DATASET
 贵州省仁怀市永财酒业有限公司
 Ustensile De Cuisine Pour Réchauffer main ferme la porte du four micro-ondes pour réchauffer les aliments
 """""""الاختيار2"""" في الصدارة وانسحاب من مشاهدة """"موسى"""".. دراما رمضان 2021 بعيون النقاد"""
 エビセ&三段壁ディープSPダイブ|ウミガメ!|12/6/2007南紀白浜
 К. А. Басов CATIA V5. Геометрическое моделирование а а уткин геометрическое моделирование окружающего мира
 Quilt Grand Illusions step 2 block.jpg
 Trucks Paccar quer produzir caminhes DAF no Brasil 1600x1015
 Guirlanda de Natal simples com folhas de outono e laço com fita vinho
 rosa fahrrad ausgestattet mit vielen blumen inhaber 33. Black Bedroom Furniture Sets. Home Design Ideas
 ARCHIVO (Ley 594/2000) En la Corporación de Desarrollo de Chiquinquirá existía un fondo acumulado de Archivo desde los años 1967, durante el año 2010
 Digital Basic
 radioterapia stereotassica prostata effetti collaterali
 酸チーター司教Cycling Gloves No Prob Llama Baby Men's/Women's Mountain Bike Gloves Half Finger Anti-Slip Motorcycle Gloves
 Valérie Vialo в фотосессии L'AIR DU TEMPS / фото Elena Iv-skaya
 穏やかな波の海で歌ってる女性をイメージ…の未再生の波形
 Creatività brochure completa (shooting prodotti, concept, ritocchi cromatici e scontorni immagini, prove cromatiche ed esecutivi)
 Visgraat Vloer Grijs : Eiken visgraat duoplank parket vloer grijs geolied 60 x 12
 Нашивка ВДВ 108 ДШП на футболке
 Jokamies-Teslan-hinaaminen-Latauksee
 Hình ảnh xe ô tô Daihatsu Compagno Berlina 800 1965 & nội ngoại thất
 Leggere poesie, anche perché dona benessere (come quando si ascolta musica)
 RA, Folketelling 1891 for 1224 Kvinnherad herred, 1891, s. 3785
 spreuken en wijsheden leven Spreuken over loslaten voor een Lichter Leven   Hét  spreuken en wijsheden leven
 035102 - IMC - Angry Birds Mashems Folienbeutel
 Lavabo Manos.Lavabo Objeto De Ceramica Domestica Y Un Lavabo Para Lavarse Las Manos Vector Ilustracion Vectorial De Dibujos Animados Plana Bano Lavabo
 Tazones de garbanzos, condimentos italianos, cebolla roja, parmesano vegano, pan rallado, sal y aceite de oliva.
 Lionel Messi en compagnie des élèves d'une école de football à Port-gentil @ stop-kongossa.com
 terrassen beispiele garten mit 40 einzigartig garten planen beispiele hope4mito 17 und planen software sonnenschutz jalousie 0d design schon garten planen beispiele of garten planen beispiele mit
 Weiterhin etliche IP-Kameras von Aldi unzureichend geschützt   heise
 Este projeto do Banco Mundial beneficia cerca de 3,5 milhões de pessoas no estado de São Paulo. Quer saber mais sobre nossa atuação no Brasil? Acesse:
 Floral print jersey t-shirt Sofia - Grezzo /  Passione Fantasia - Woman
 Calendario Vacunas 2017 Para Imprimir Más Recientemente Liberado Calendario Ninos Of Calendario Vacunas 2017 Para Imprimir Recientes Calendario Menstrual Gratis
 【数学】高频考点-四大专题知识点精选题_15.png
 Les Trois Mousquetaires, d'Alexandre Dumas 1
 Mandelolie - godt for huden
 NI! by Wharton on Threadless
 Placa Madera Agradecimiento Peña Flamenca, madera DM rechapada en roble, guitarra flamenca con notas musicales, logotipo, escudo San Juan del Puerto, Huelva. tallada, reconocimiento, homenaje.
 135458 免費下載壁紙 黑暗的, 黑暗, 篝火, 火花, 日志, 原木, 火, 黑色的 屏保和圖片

WHAT IS NEEDED
All lines from the beginning of the listing through the one with "Trucks Paccar quer" are to be restated word for word, and only those.

YOUR RESPONSE
 贵州省仁怀市永财酒业有限公司
 Ustensile De Cuisine Pour Réchauffer main ferme la porte du four micro-ondes pour réchauffer les aliments
 """""""الاختيار2"""" في الصدارة وانسحاب من مشاهدة """"موسى"""".. دراما رمضان 2021 بعيون النقاد"""
 エビセ&三段壁ディープSPダイブ|ウミガメ!|12/6/2007南紀白浜
 К. А. Басов CATIA V5. Геометрическое моделирование а а уткин геометрическое моделирование окружающего мира
 Quilt Grand Illusions step 2 block.jpg
 Trucks Paccar quer produzir caminhes DAF no Brasil 1600x1015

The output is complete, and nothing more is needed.